[[ Extracted material open ]]
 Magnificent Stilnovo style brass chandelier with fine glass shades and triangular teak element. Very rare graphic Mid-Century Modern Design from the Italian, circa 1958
[[ Extracted material closed ]]
[[ Extracted material open ]]
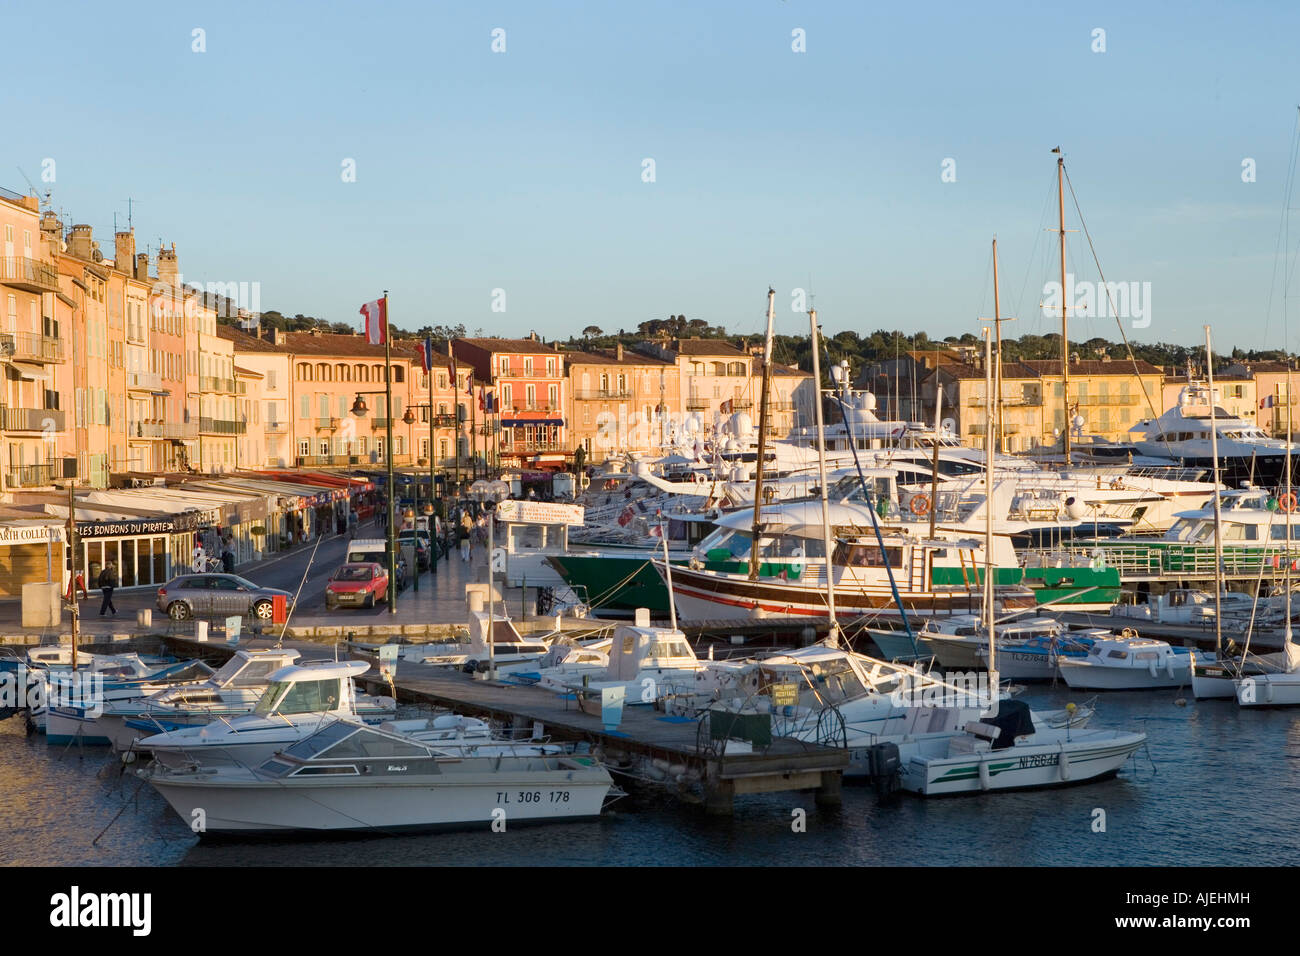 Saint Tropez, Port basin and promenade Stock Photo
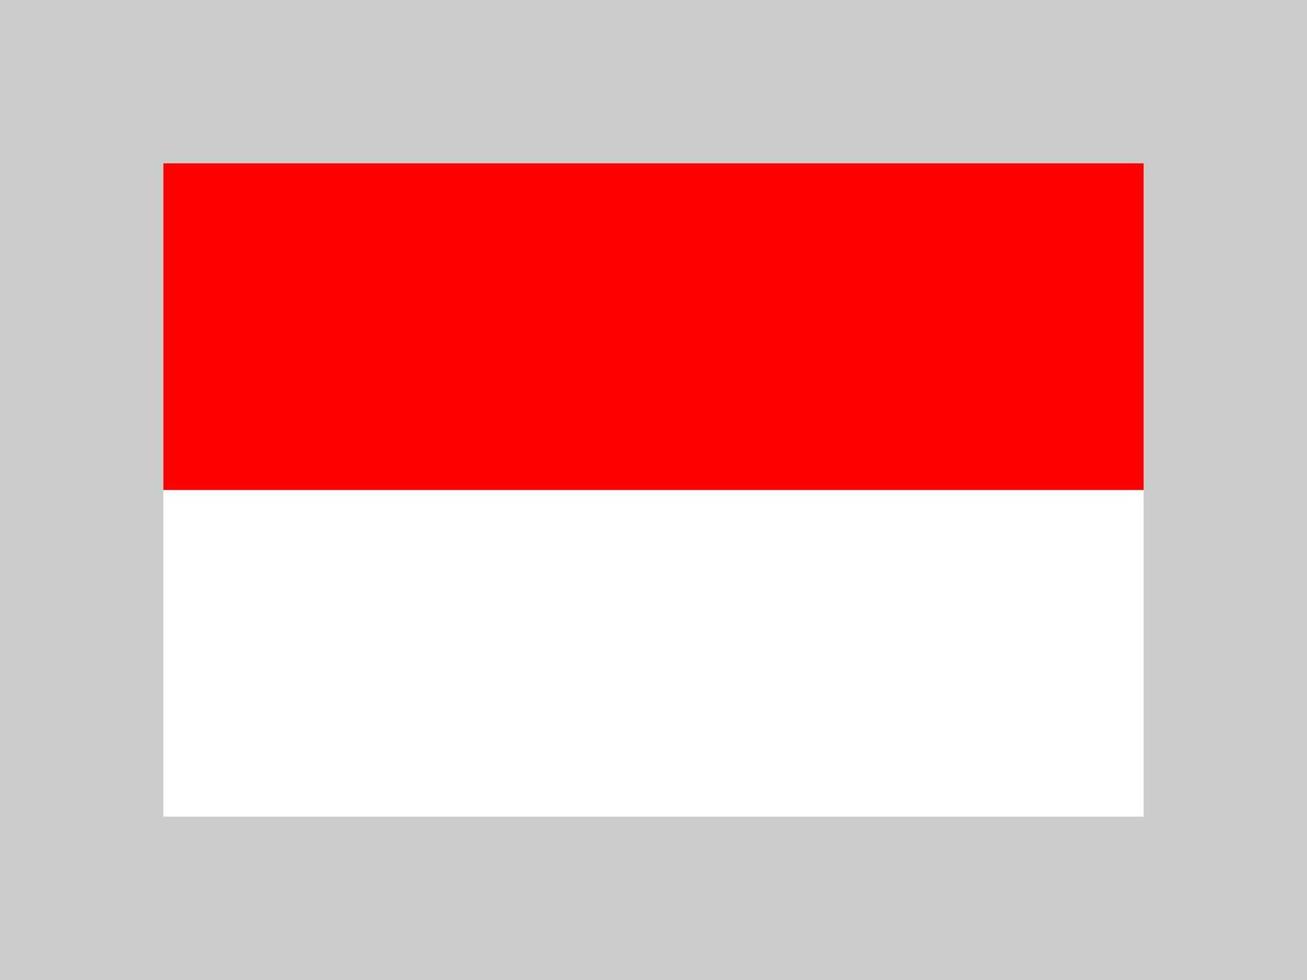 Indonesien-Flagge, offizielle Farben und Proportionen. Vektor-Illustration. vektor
[[ Extracted material closed ]]
## To do
The answer is those lines of the material above that run from the one containing "Saint Tropez, Port" up to and including the one containing "Indonesien-Flagge, offizielle Farben", restated exactly and without images.

## Output
 Saint Tropez, Port basin and promenade Stock Photo
 Indonesien-Flagge, offizielle Farben und Proportionen. Vektor-Illustration. vektor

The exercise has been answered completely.